What the Practitioner Cannot Control
Honest practitioners will tell patients what they cannot promise. Healing is patient-specific. Pigment retention varies. Sun exposure, certain skin-care products, friction from clothing, and individual immune response all affect the long-term appearance of the work. The practitioner controls the placement, the technique, the pigment choice, and the aftercare instructions. Patients control how closely they follow the aftercare protocol and how they care for the skin in the years that follow.
Touch-up sessions are normal. Most areola restoration work involves a planned touch-up six to eight weeks after the initial session. The touch-up adjusts color, reinforces any areas where pigment did not retain as planned, and brings the work to final saturation. Practitioners who promise that one session will be sufficient are setting expectations they cannot meet.

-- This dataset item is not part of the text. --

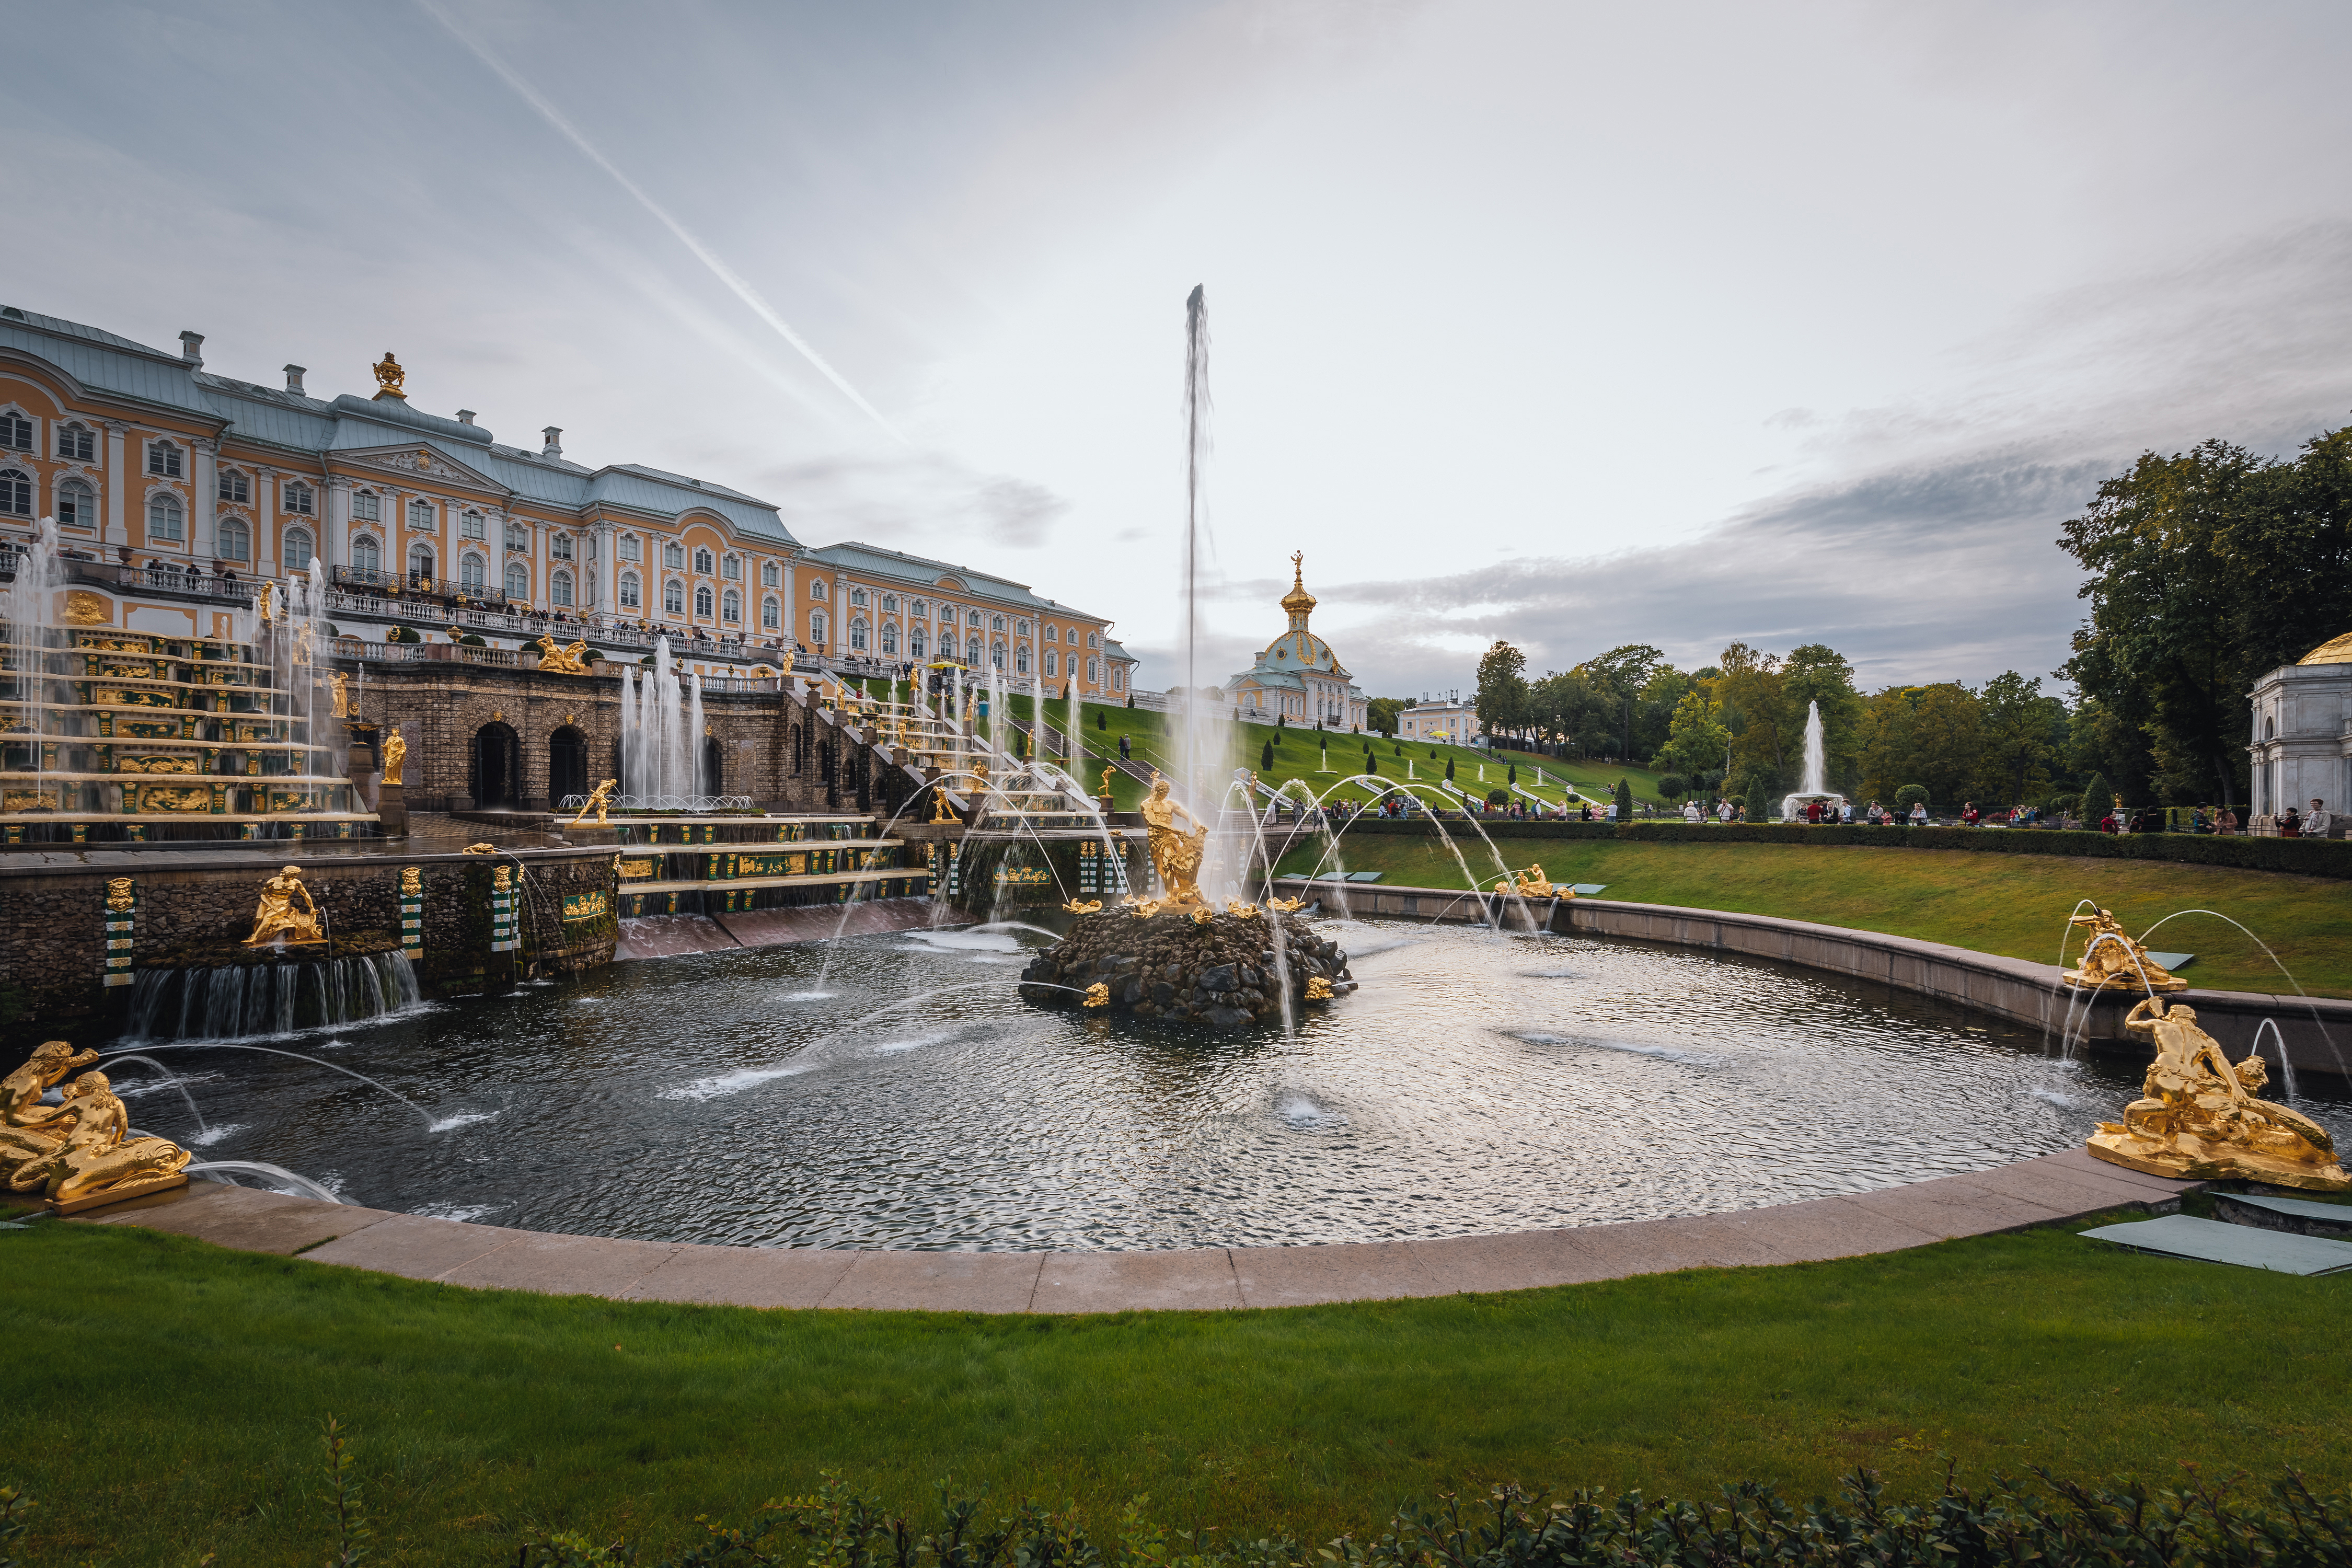 Grand Palace (Peterhof)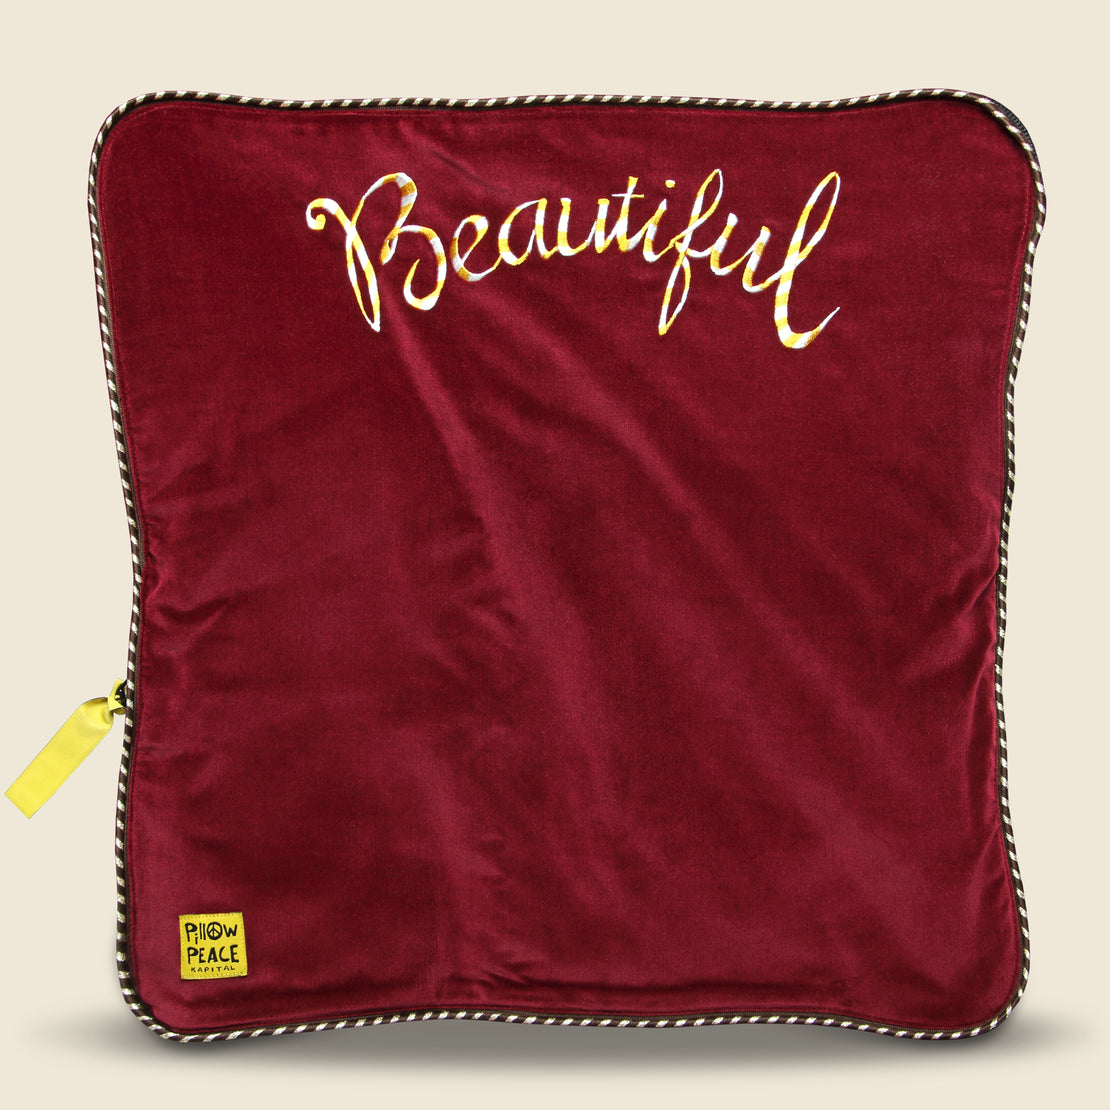 Velveteen SHAM BOMBER JKT (Beautiful TIBET) - Burgundy - Kapital - STAG Provisions - Outerwear - Coat / Jacket

What Patients Should Bring to the Consultation
- Medical records from the reconstruction, including surgeon’s notes if available
- Referral letter from the plastic surgeon or oncology team, if applicable
- Photographs of the contralateral side or pre-treatment areola, if available
- A list of any medications, particularly blood thinners, immunosuppressants, or steroids
- A list of any allergies or sensitivities to topical products or pigments
- Questions about the practitioner’s training, the technique, and the studio’s protocols
- A trusted person, if it helps the patient feel grounded for the conversation
The consultation is not a formality. It is the moment where the patient and the practitioner decide together whether the work should proceed, how it should be done, and what the result should look like. Patients who treat the consultation as the most important conversation of the process tend to be the patients who are happiest with the final result.
For practitioners considering training in the discipline, the Academy’s 3D Areola Masterclass devotes substantial time to the consultation as a clinical skill. It is not separable from the technique. The consultation is the technique — the part of the work that determines whether the rest of the work has the foundation it needs.